Una madre farebbe qualsiasi cosa per la propria figlia. Ma in Russia non tutti la pensano così. Una quarantenne, per accogliere in casa la propria bimba disabile, pone una condizione: la piccola deve sottoporsi a un’operazione di chirurgia plastica per migliorare il suo aspetto, evitando le critiche degli abitanti di Azov, il villaggio in cui vive, nella regione di Rostov, in Russia. Quando Nadezhda, un’avvenente single di quarantanni, con altri tre figli da crescere, partorì Katya, una bimba disabile, i medici non credevano che sarebbe sopravvissuta, viste le sue condizioni. La donna, la lasciò in ospedale e tornò a casa. I medici non ebbero il coraggio di abbandonare Katya che, contro ogni aspettativa, riuscì a restare in vita e, dopo essere stata affidata ai servizi sociali, fu inserita in un orfanotrofio.

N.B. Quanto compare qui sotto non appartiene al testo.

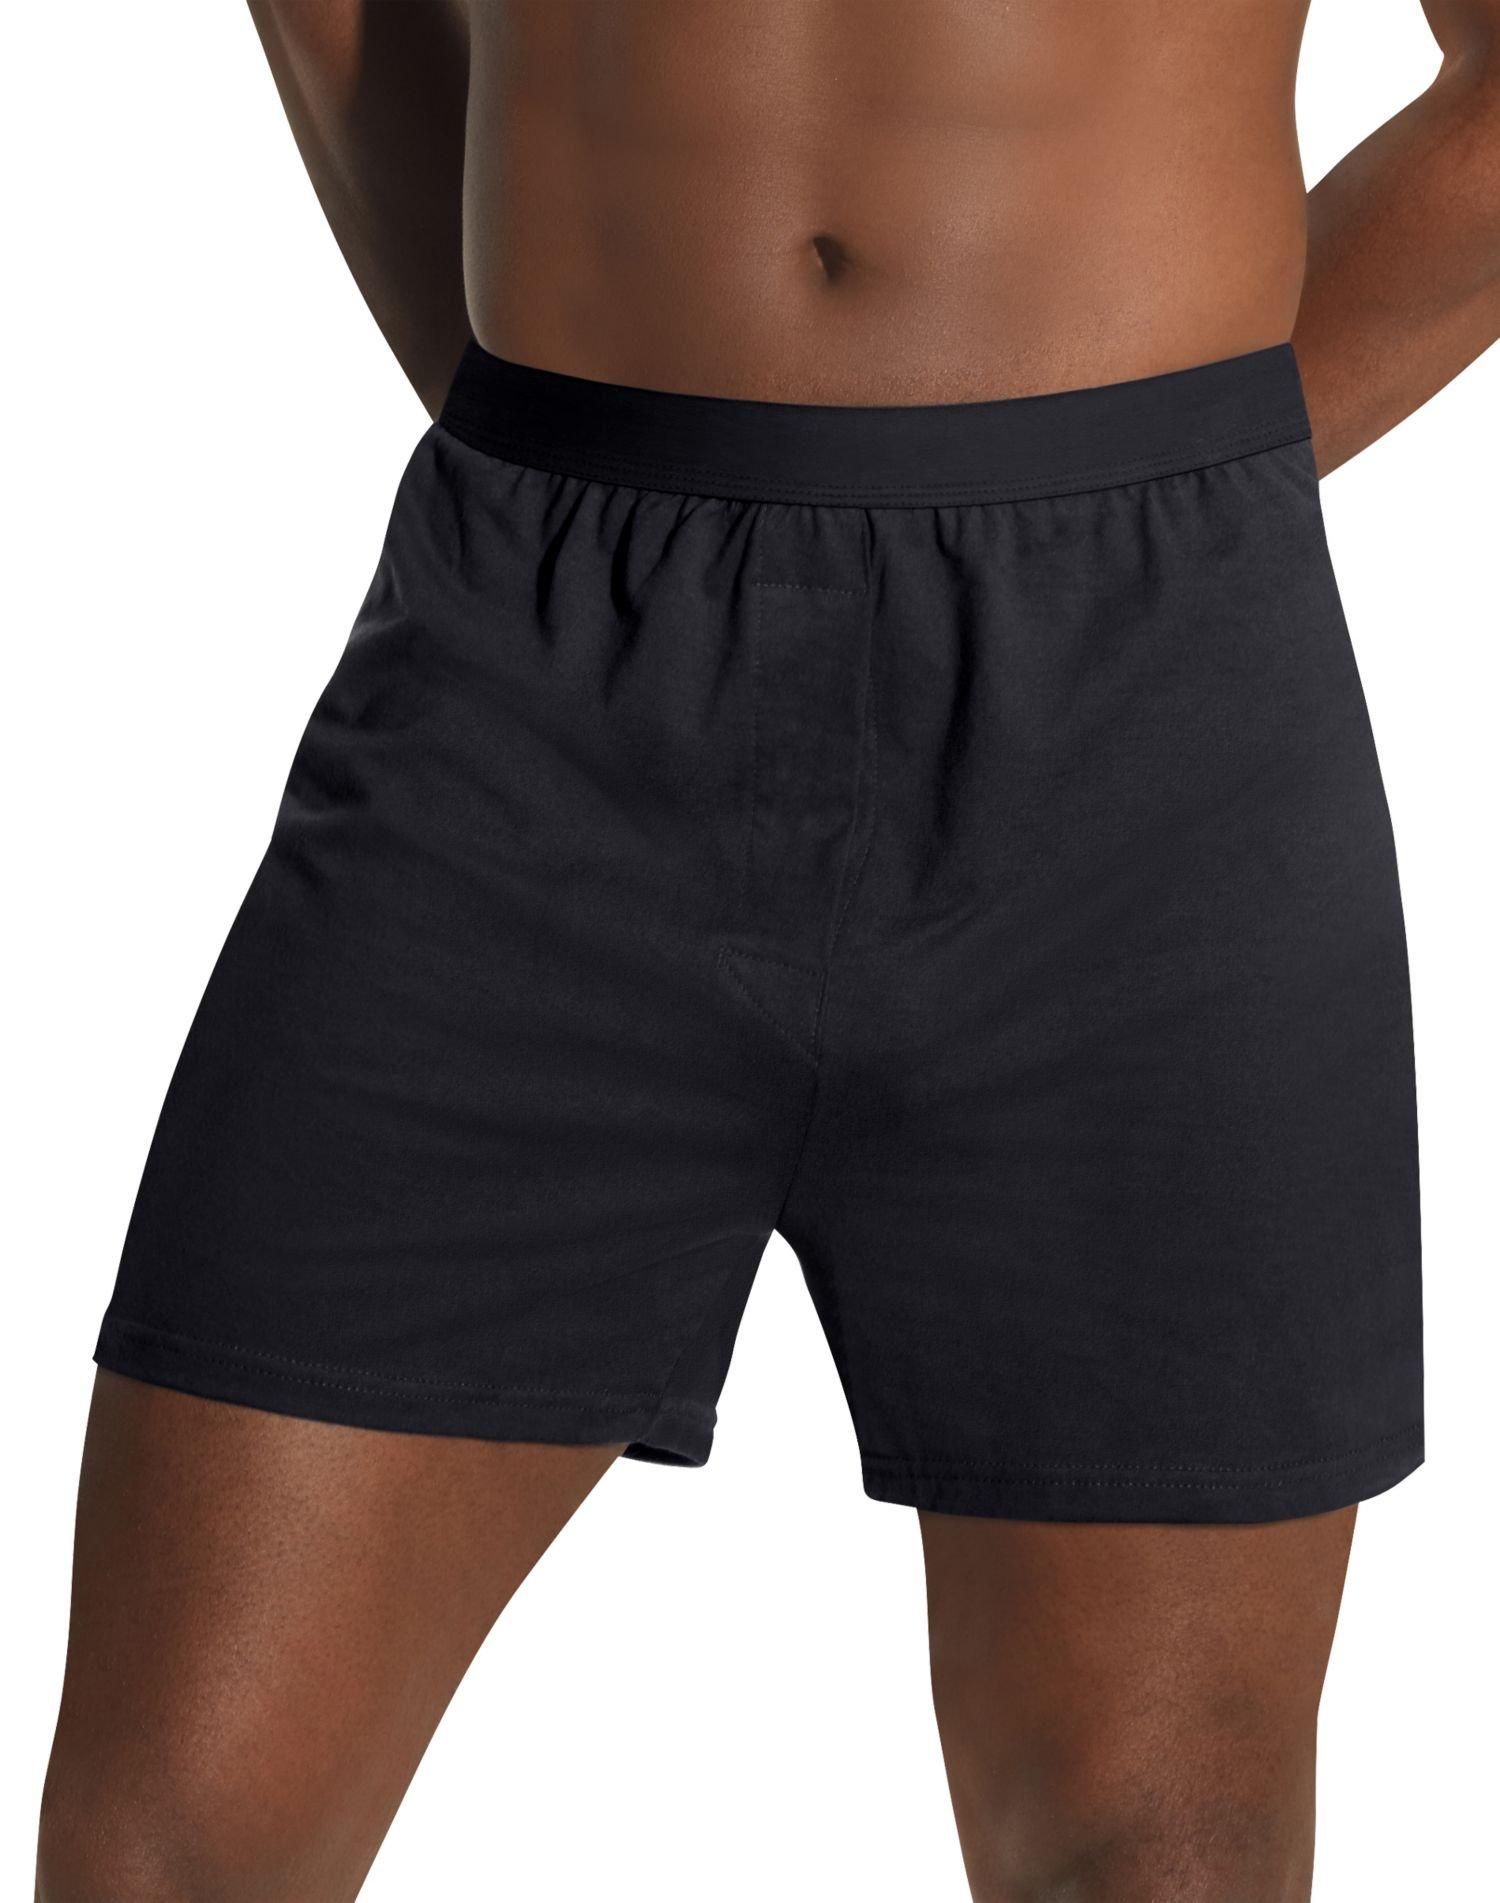 Hanes Tagless Big Men's 3-Pack Knit Boxers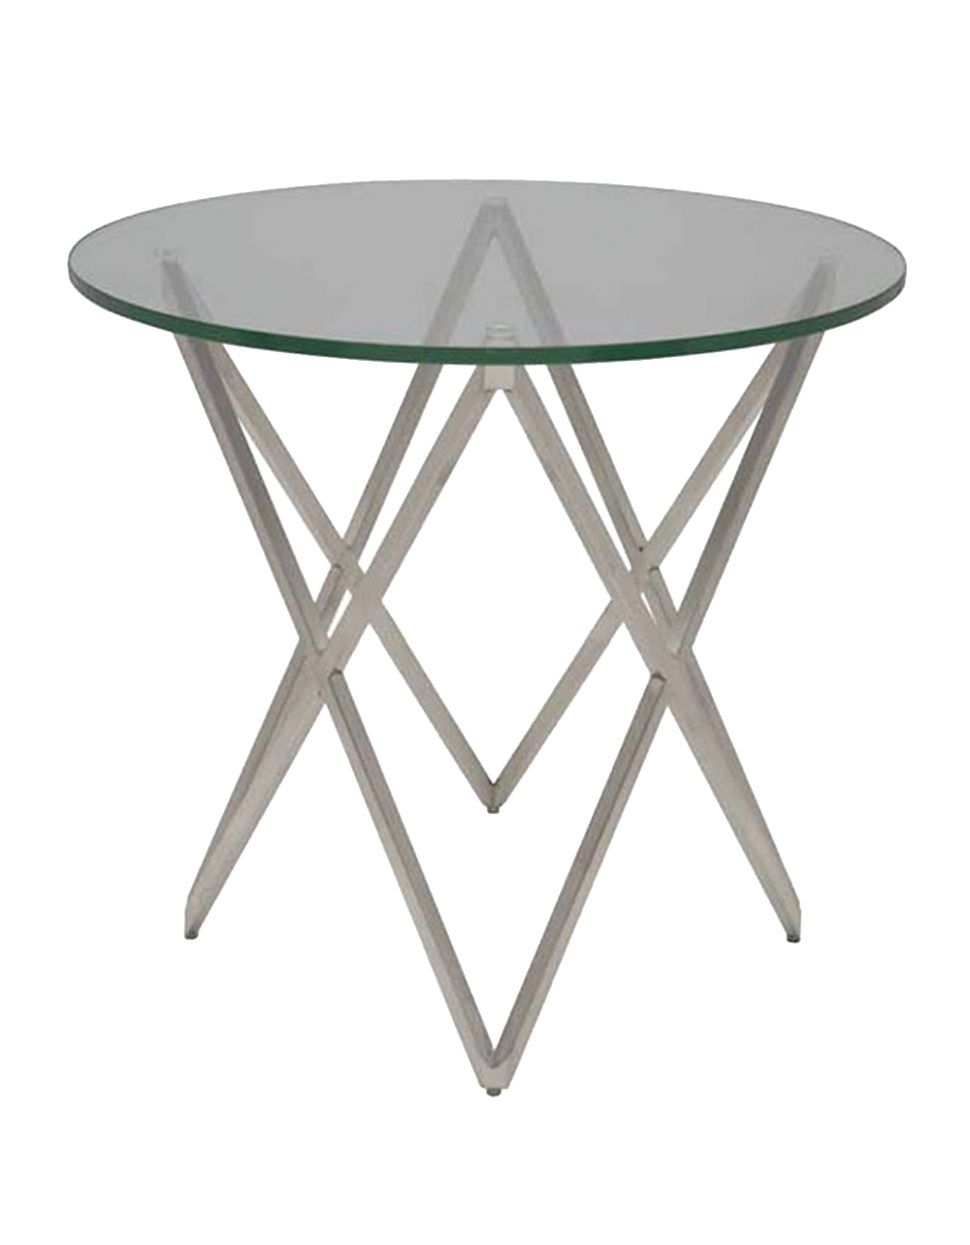 Modern glass end table  Home  Furniture  Lattice Side Table  Hudsonus Bay  Acrylic

La donna sostiene di aver creduto che la neonata fosse morta, e di aver saputo che era sopravvissuta solo molti anni dopo, quando Katya era già un’adolescente. Ricevette una lettera dall’orfanotrofio dove si leggeva che se Nadezhda non si fosse presa cura di lei, la ragazza sarebbe stata inserita in una casa di cura al compimento della maggiore età.

Quando vide la figlia per la prima volta rimase scioccata: era “troppo brutta”. Sarebbe stata anche disposta a prendersene cura invece di lasciarla in un istituto, ma ad alcune condizioni. “Io vivo in un piccolo villaggio – ha detto Nadezhda – e devo pensare a cosa diranno i miei vicini. Non posso sopportare di averla in casa e sentire la gente parlare della brutta faccia di mia figlia. Sarò felice di portarla a vivere con me, se qualche chirurgo riuscirà a migliorare il suo aspetto. Ma sono una madre single – conclude la donna – che ha cresciuto tre figli da sola e non posso permettermi la spesa di una chirurgia plastica”.

Katya, descritta come una ragazzina dal carattere allegro e affettuoso, è nata con problemi mentali che le rendono difficile l’uso della parola. Gli assistenti sociali stanno cercando disperatamente di raccogliere la cifra che consenta di pagare la spesa di un intervento estetico che possa rendere Katya “adeguata” agli occhi della madre. Il tutto sperando che qualche chirurgo accetti di eseguire l’operazione a basso costo, visto che finora nessun medico si è mostrato disposto a farlo gratis. Probabilmente Katya, più che di un intervento di chirurgia plastica, avrebbe bisogno di una madre.